Exercise objective →
Word for word, restate the data that follows, omitting the images.

Source data →
----------------
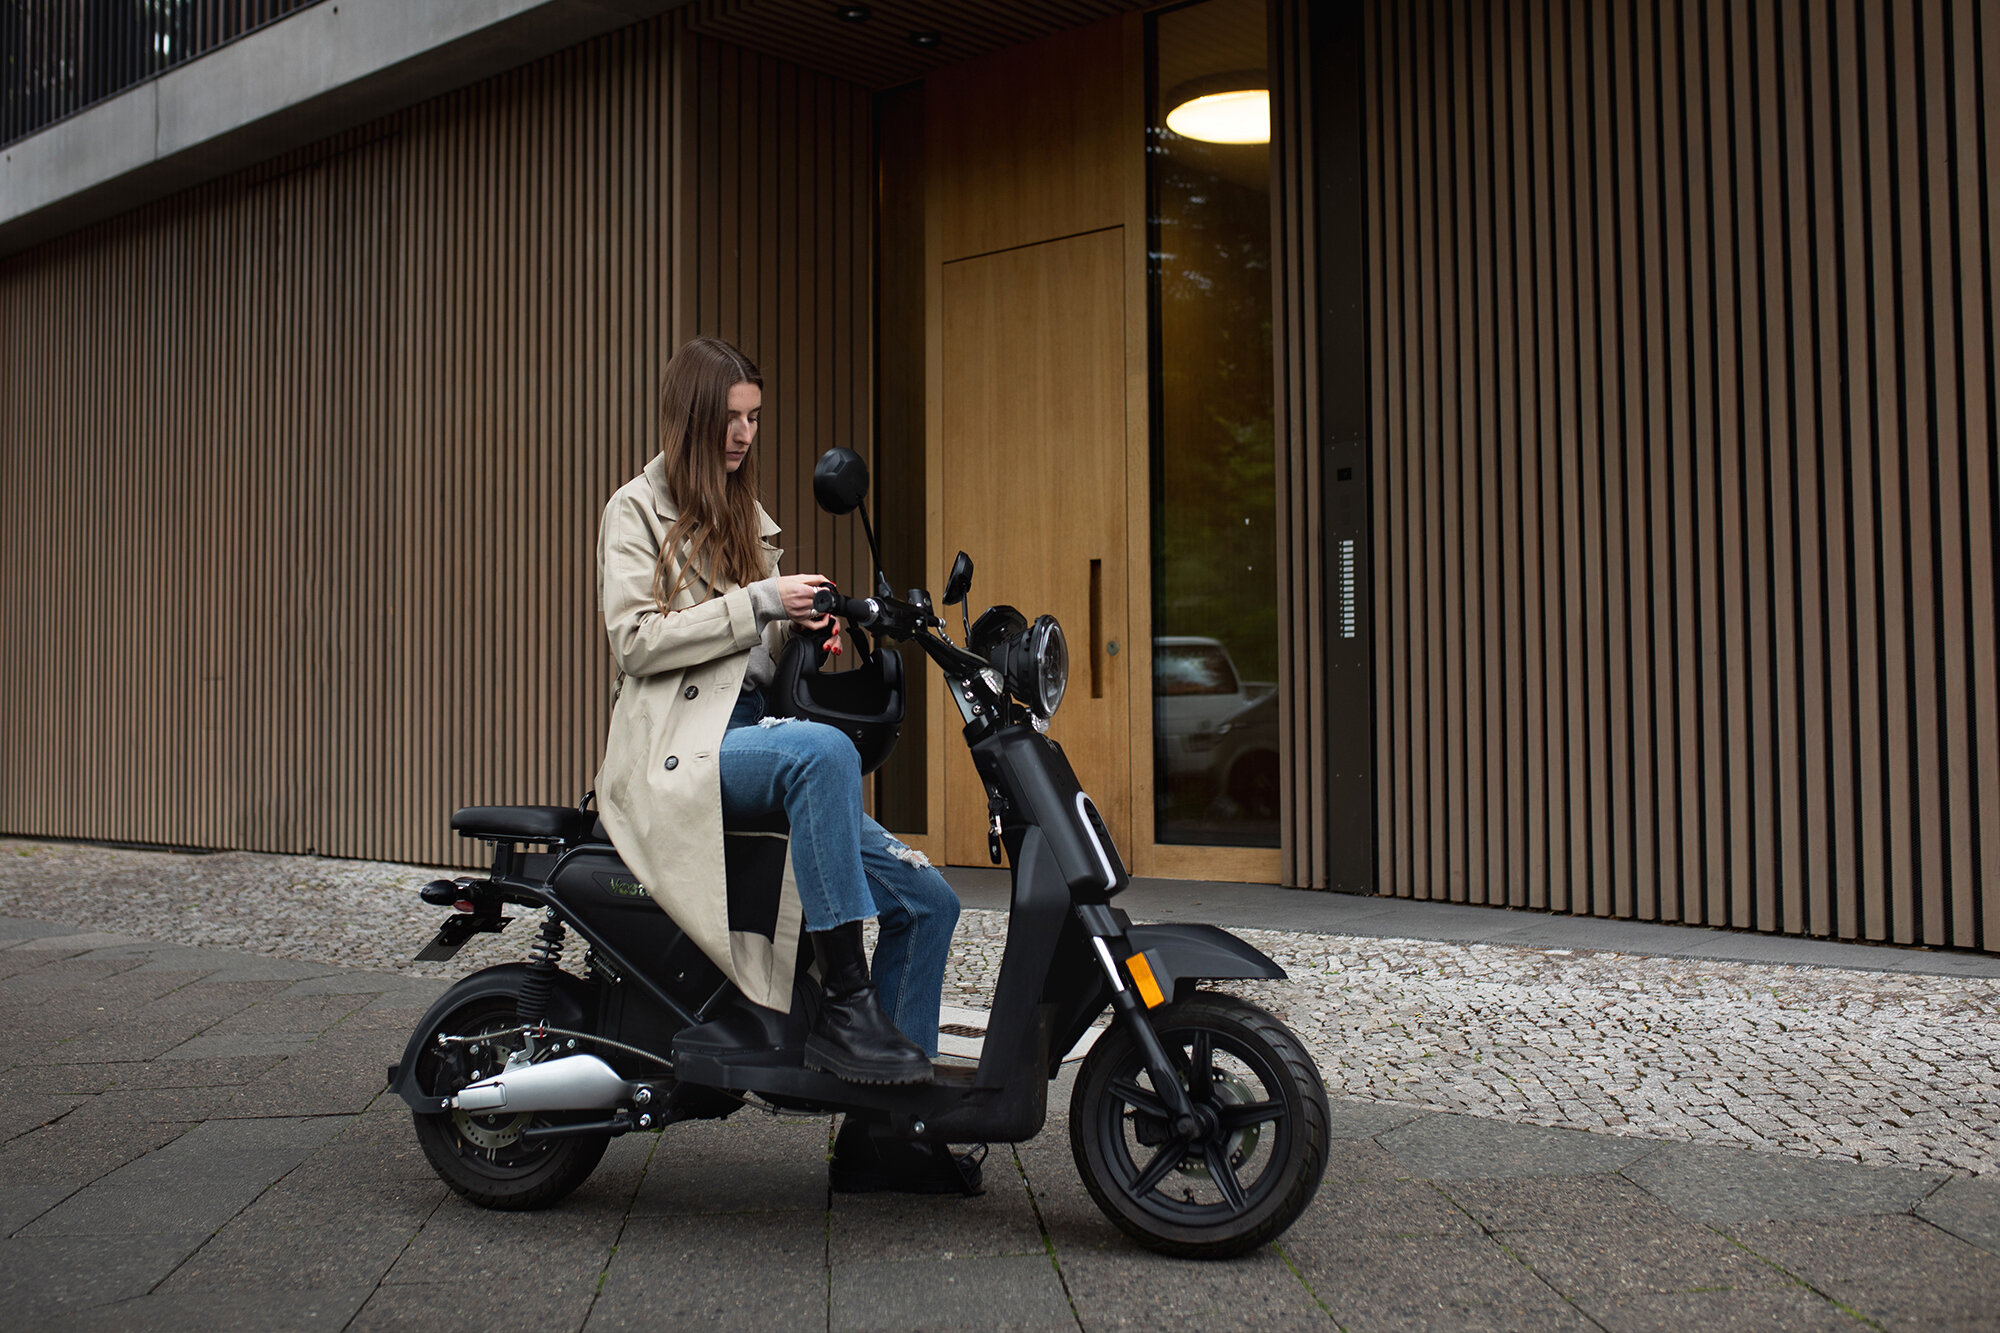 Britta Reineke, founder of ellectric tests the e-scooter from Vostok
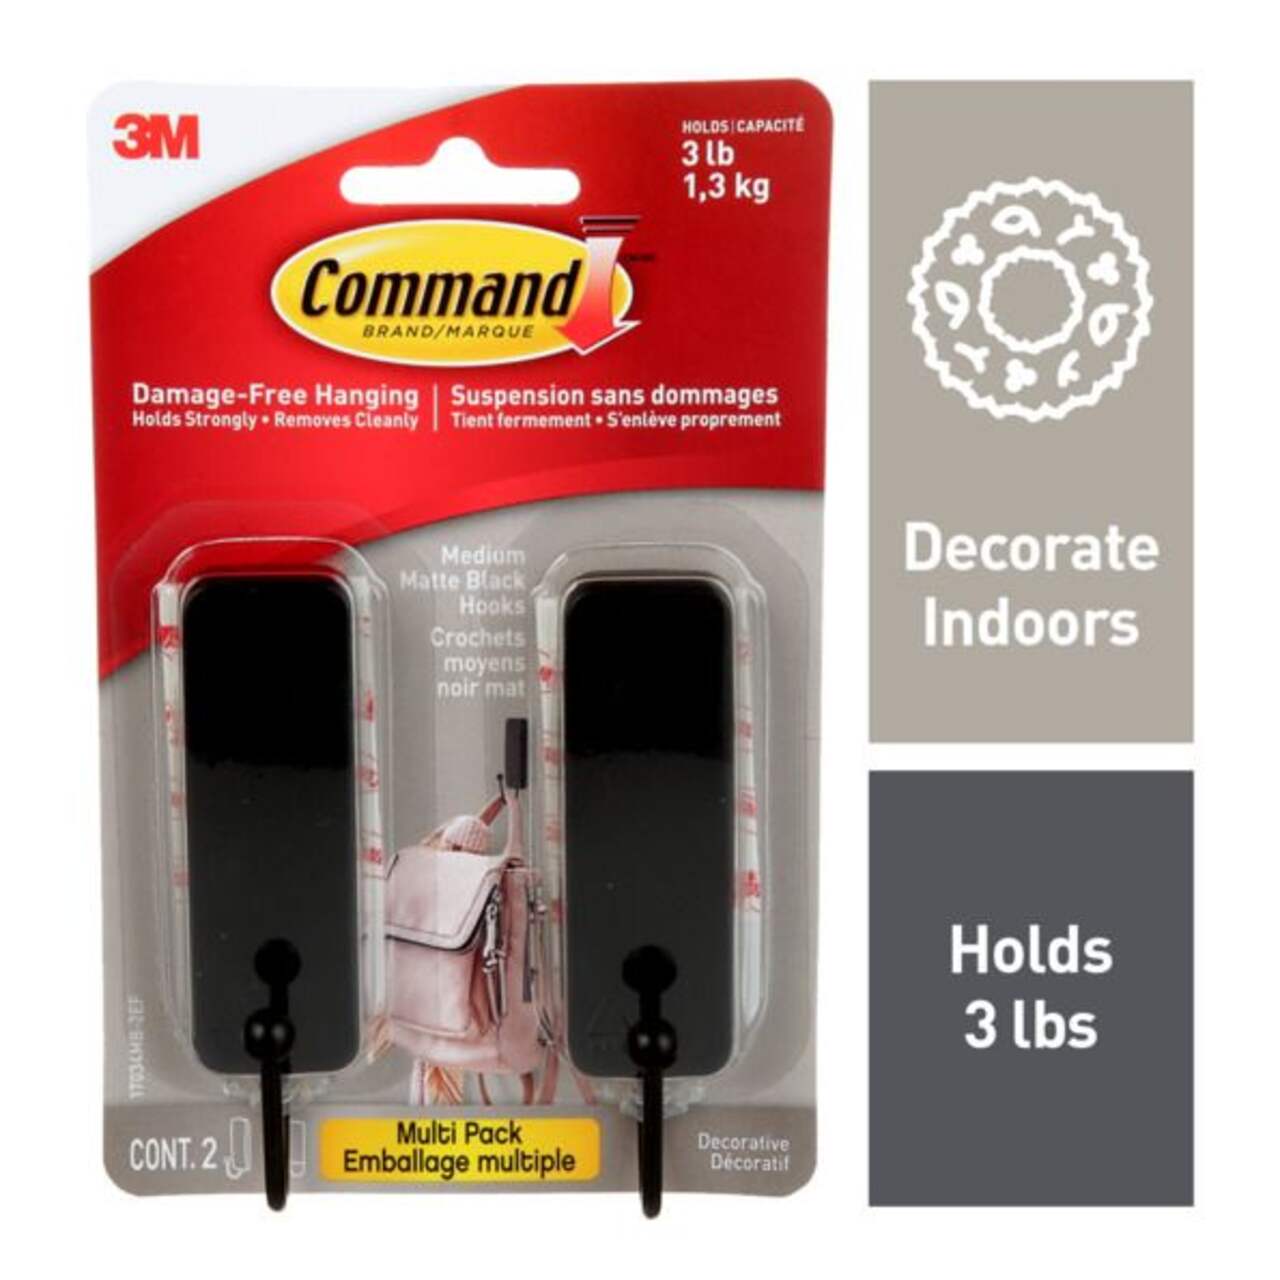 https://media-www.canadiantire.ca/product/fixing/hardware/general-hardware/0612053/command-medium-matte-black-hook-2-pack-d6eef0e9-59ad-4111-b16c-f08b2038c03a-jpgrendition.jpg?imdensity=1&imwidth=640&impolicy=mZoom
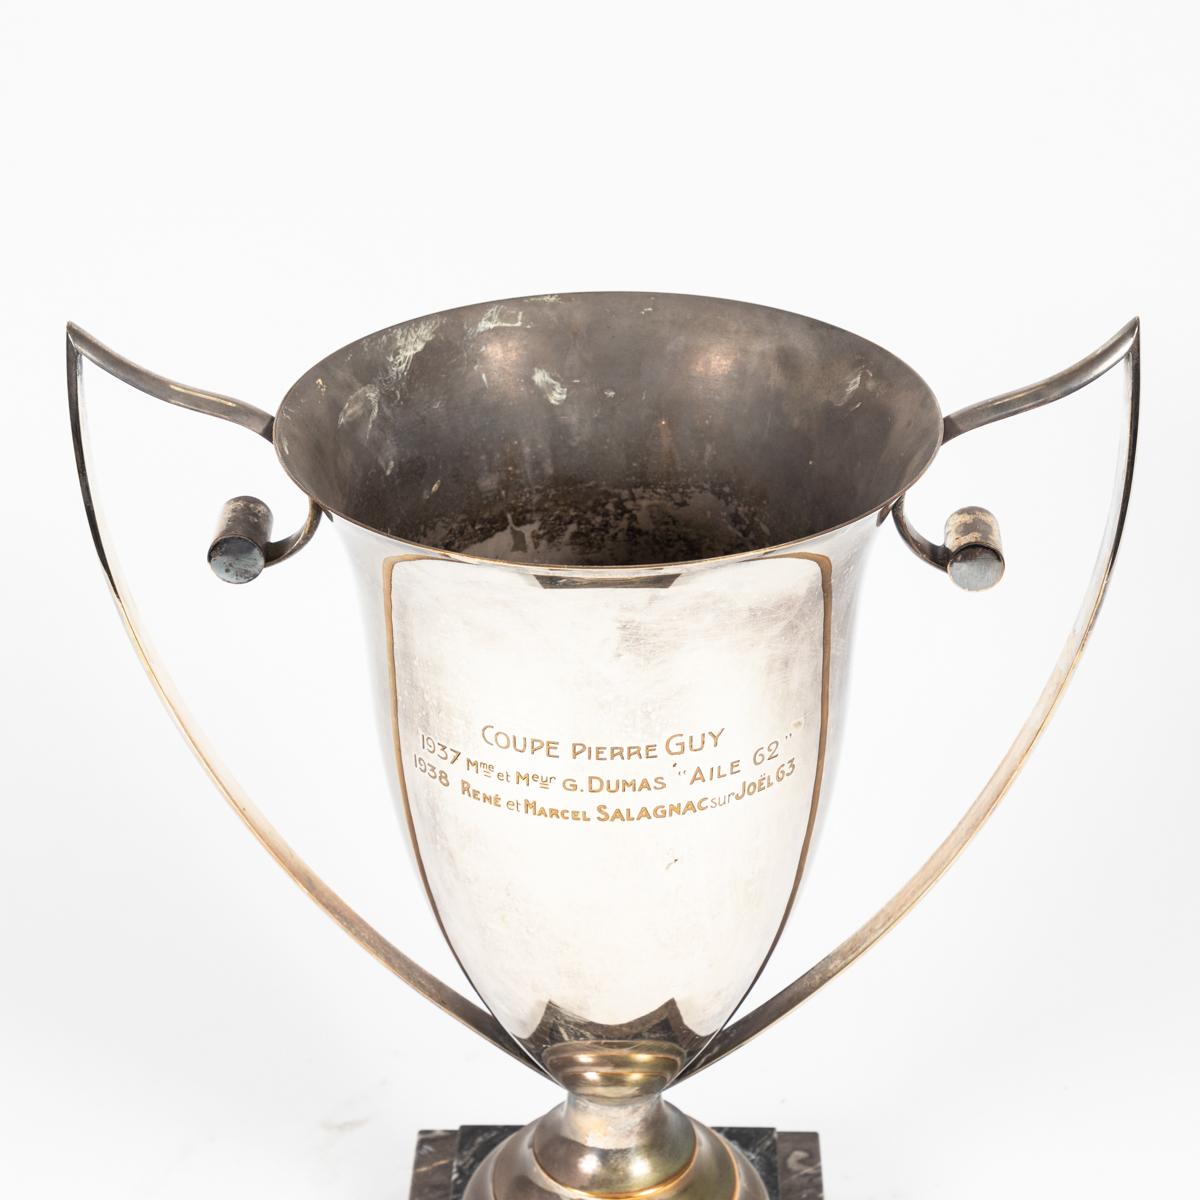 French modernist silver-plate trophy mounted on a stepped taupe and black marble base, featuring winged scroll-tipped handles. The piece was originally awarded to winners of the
----------------
Response below →
 Britta Reineke, founder of ellectric tests the e-scooter from Vostok
 https://media-www.canadiantire.ca/product/fixing/hardware/general-hardware/0612053/command-medium-matte-black-hook-2-pack-d6eef0e9-59ad-4111-b16c-f08b2038c03a-jpgrendition.jpg?imdensity=1&imwidth=640&impolicy=mZoom
 French modernist silver-plate trophy mounted on a stepped taupe and black marble base, featuring winged scroll-tipped handles. The piece was originally awarded to winners of the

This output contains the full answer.